Good day racing fans.

We've all seen the troubles of harness trainer Bill Robinson. The Hagarsville area trainer was given a 5 year suspension back in 2003, handed his stable over to his son and assistant, and they were both given 10 year suspensions at different times subsequently. It's been, well, interesting.

In HRU today, Perry Lefko looked at the very short-lived Bill Robinson "comeback". Just three months ago he decided to begin training again. And:

"Controversial Canadian-based trainer Bill Robinson has been hit with another positive drug test, less than three months after he returned to racing following a retirement of more two years and a ban at Woodbine Entertainment Group’s tracks for more than 11 years for repeated drug violations."

“I can’t explain where it came from, I can’t explain who gave it,” Robinson said. “We (have done) nothing wrong here. These horses, I’ll just tell you straight up, when I came back they were racing like they came out of their mother. I didn’t want to take any chances."

Honestly, I tend to believe him. It's stupid to give something so blatant when you know they are going to be after you.

However, Bill, to many, is bike racer Tyler Hamilton. Back at the Olympics in 2006, Tyler tested positive for EPO, but swore up and down he did not take EPO (he took EPO hundreds of times, but just not for the Olympics). It turns out he was telling the truth. Around that time he moved on from EPO to blood doping, and in a weird twist of fate, the blood he doped with was switched and the person's blood he used did take EPO.

Whoops.

There are people out there, in the ORC and elsewhere, that might believe Bill as I do. But because it's Bill - his sordid history apparent - there's a sneaking belief that he must have used something to trigger it.  And that's a mountain that I think he will find hard to climb. Fair or not, I guess it depends on your perspective.
Horse racing has done wonderful work marketing big days, and with deep fields and better racing, handle has followed. This is a win, in many respects. But Eric's tweet, from a conference this morning, should not fall on deaf ears. The product, i.e. the pricing and puzzle that each race is, which drives betting volume, has been very poor. The business - from an every day gambling perspective - simply can't get out of its own way.

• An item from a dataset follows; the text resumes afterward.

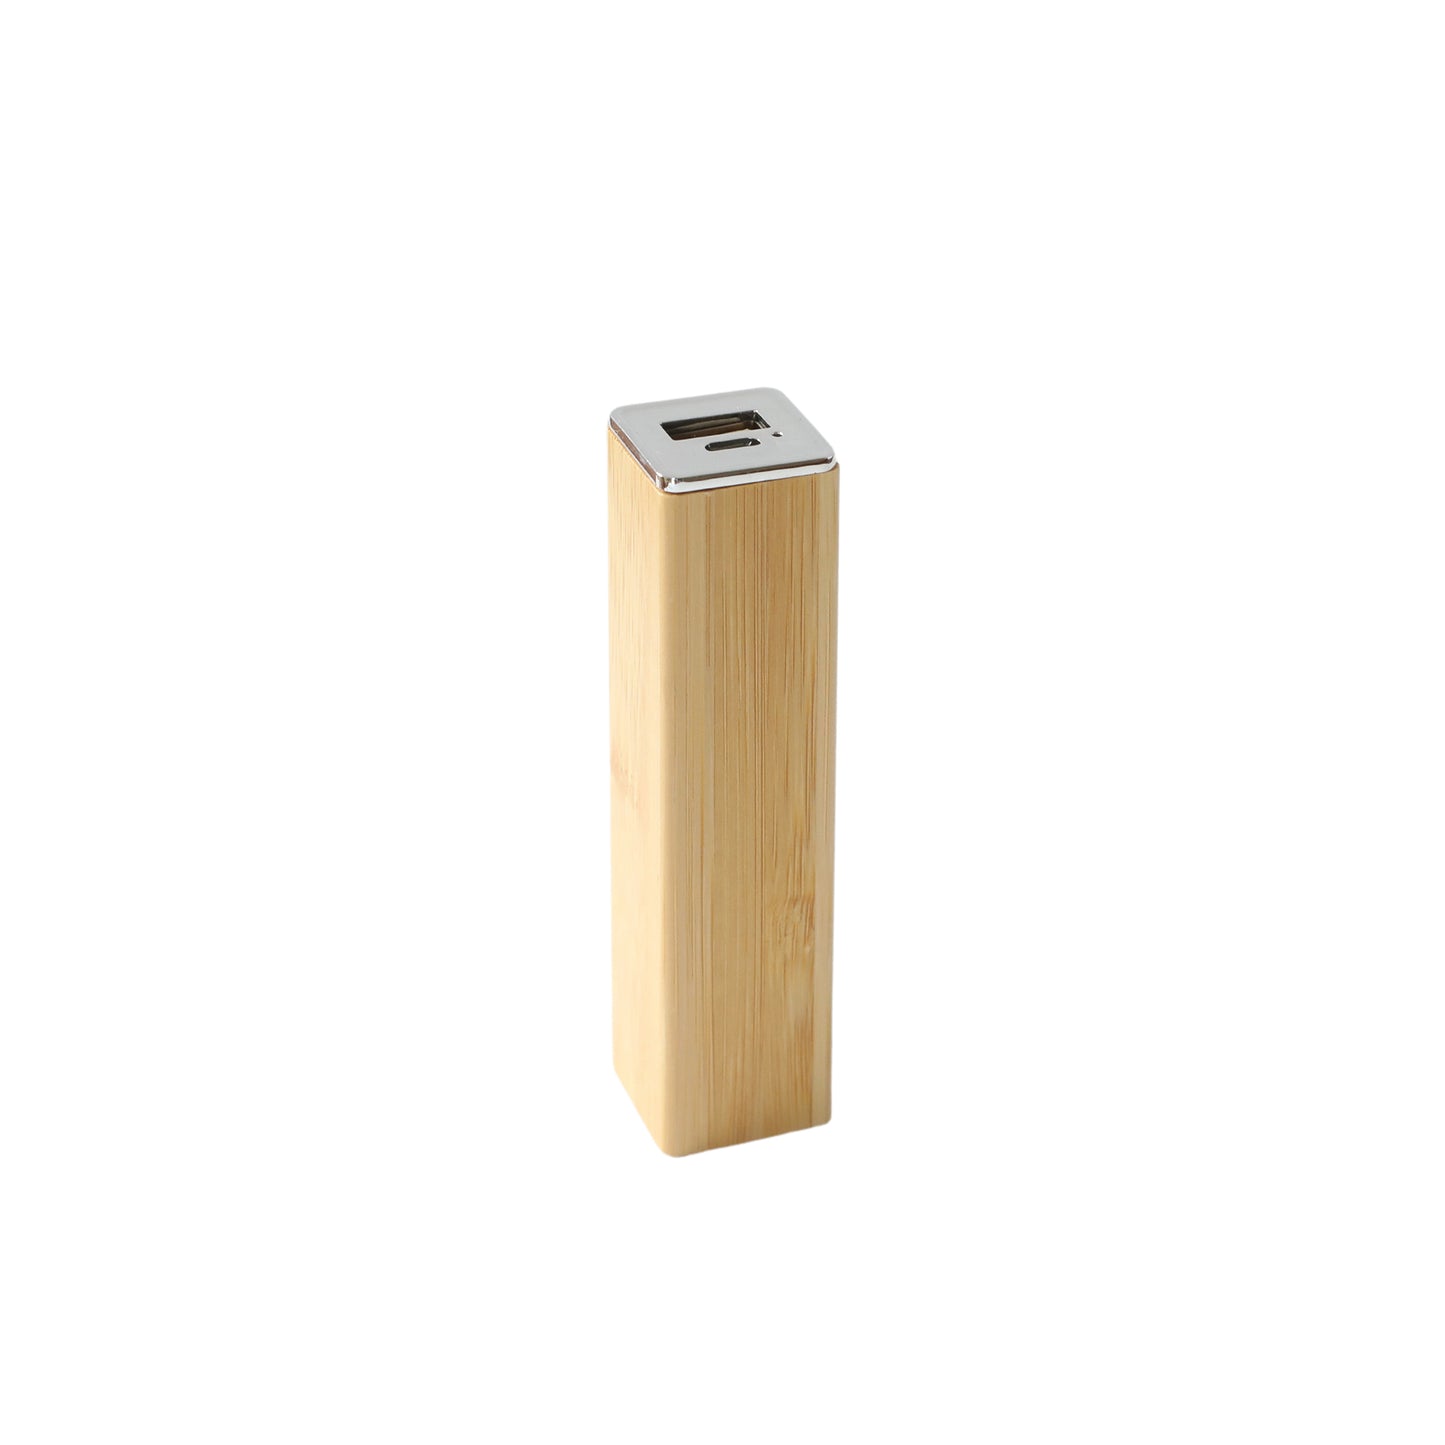 Square Tube Bamboo Power Bank Charger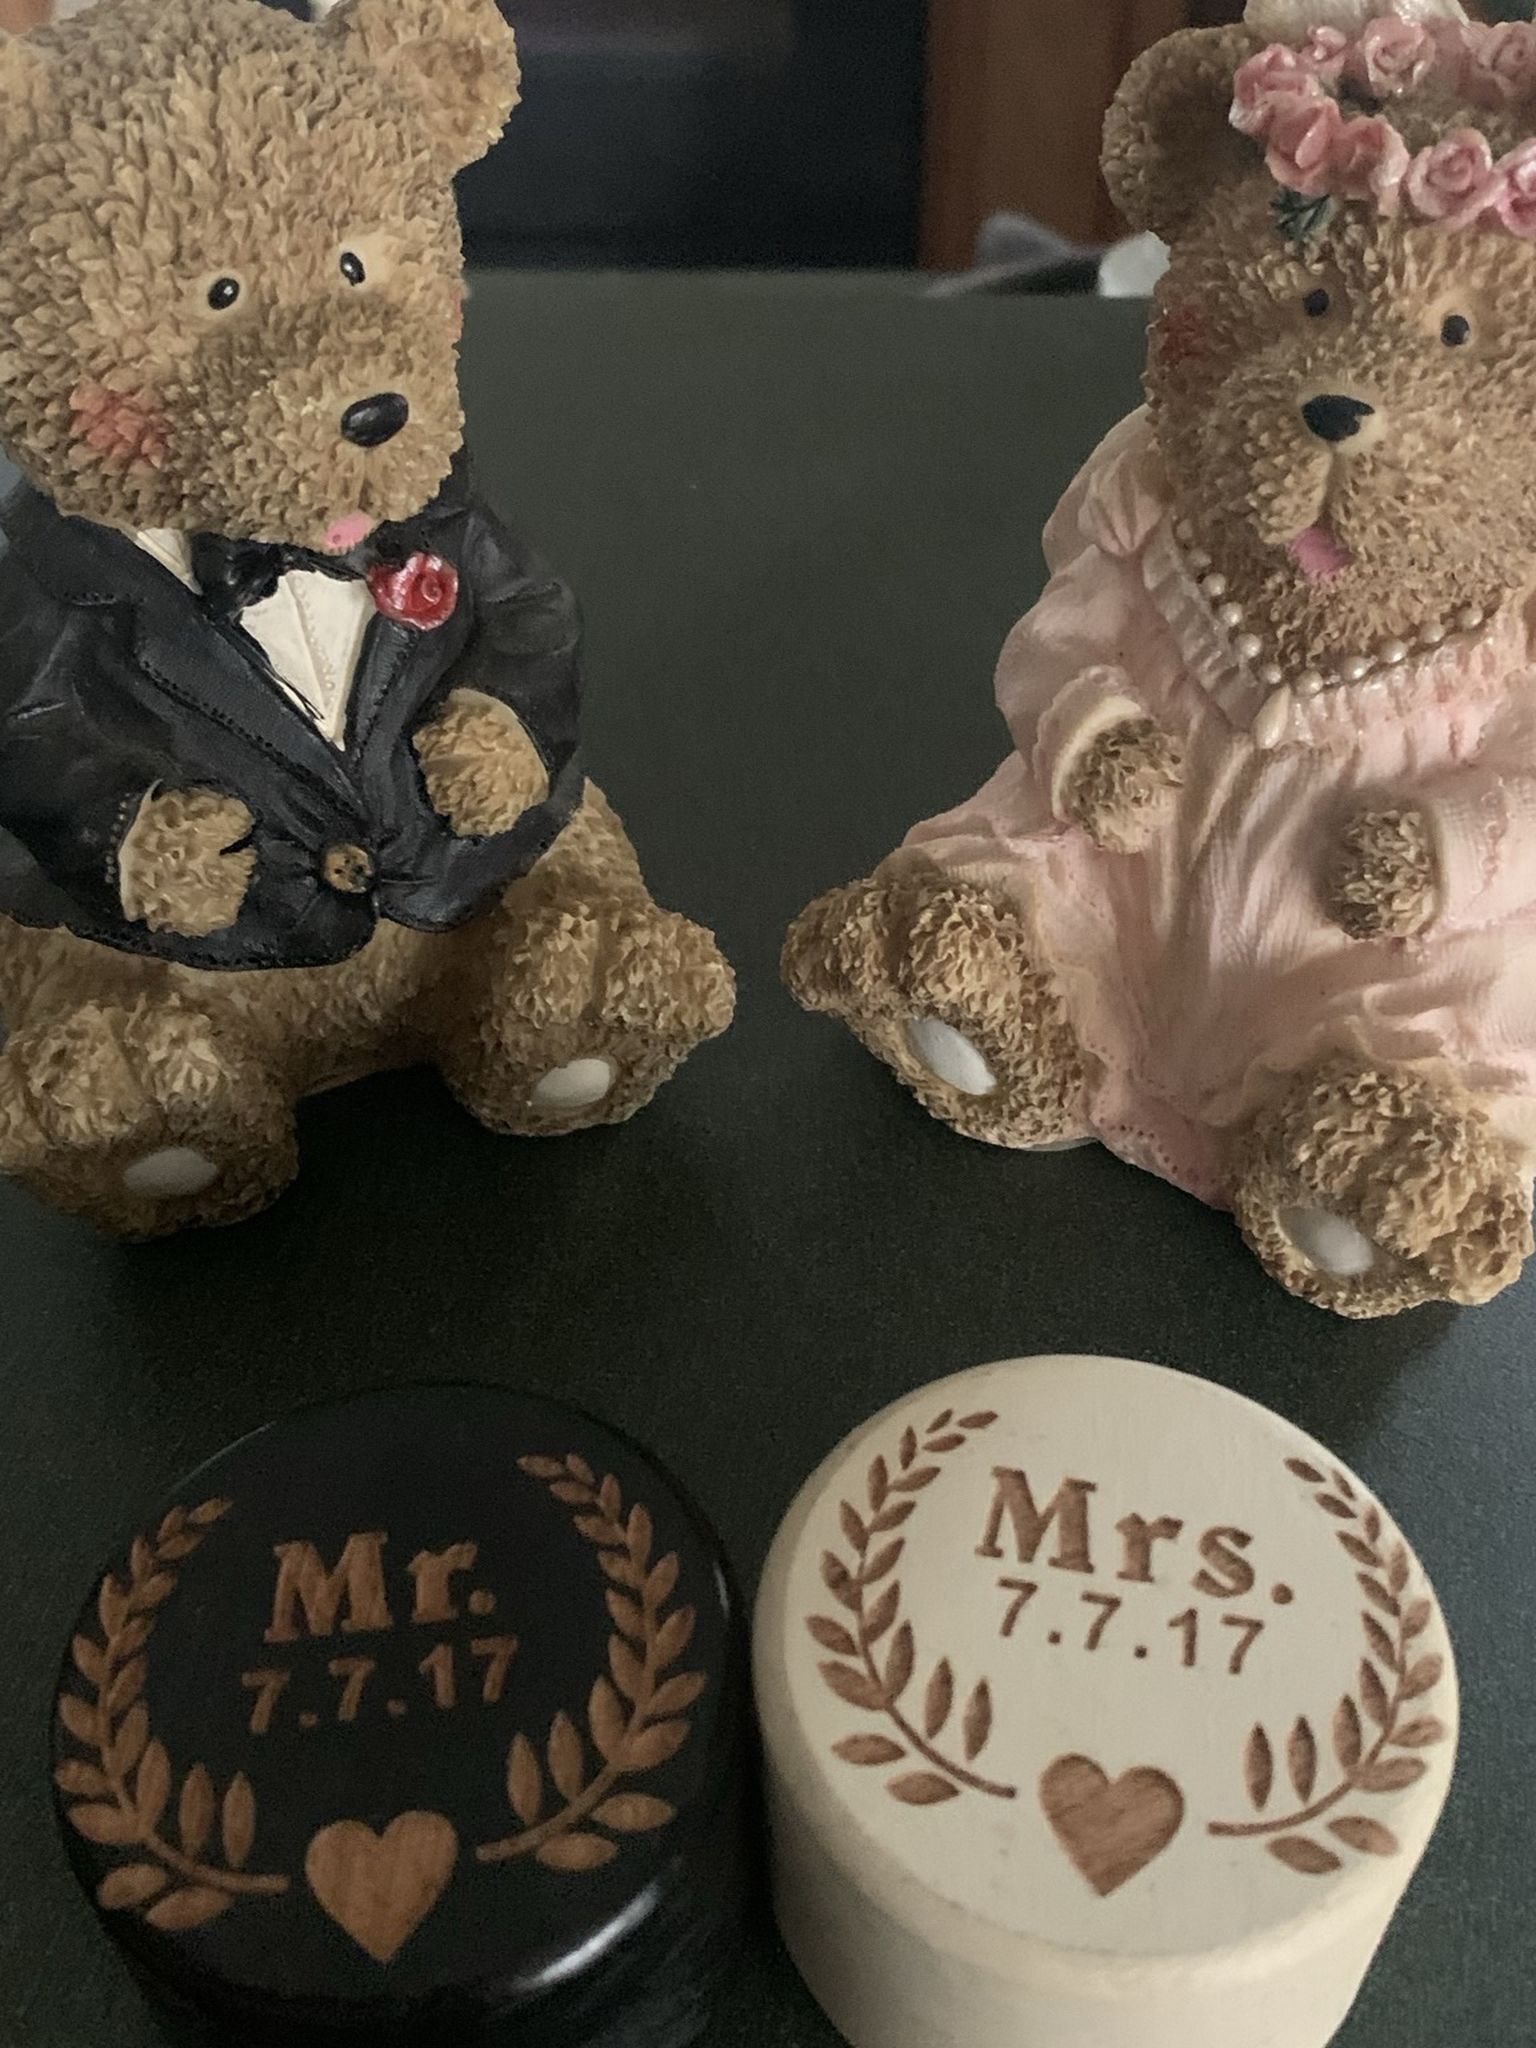 Wedding Ring Holders 7/7/17 And His & Hers Wedding Bear Decor

Further to that, on the Paulick Report today, reprinted from Horseplayer Monthly magazine (it's free here), the every day product was looked at in terms of "lifetime customer value."

The handle losses from $15 billion to around $11 billion the last dozen years are not just $4 billion. They aren't just because of lotteries. It isn't because of the tawdry economy or fewer races. Fifteen to eleven, with population growth and GDP growth are understated for the first part, but the races being contested are simply non-starters. You can't win - can't - betting six horse fields with 16% win takeout. You can't beat - can't - a Woodbine 25% pick 5 with a twenty cent increment. You can't raise juice like CDI did and expect business not to drop off even more. 8 of 10 races and 9 of 10 bets in racing are quite simply unbeatable. In a skill based gambling game, this is suicidal.

These are fundamental issues that no song and dance, big day, dance party, floppy hat, Goo Goo Dolls-a-thon can fix.

Good luck this weekend everyone.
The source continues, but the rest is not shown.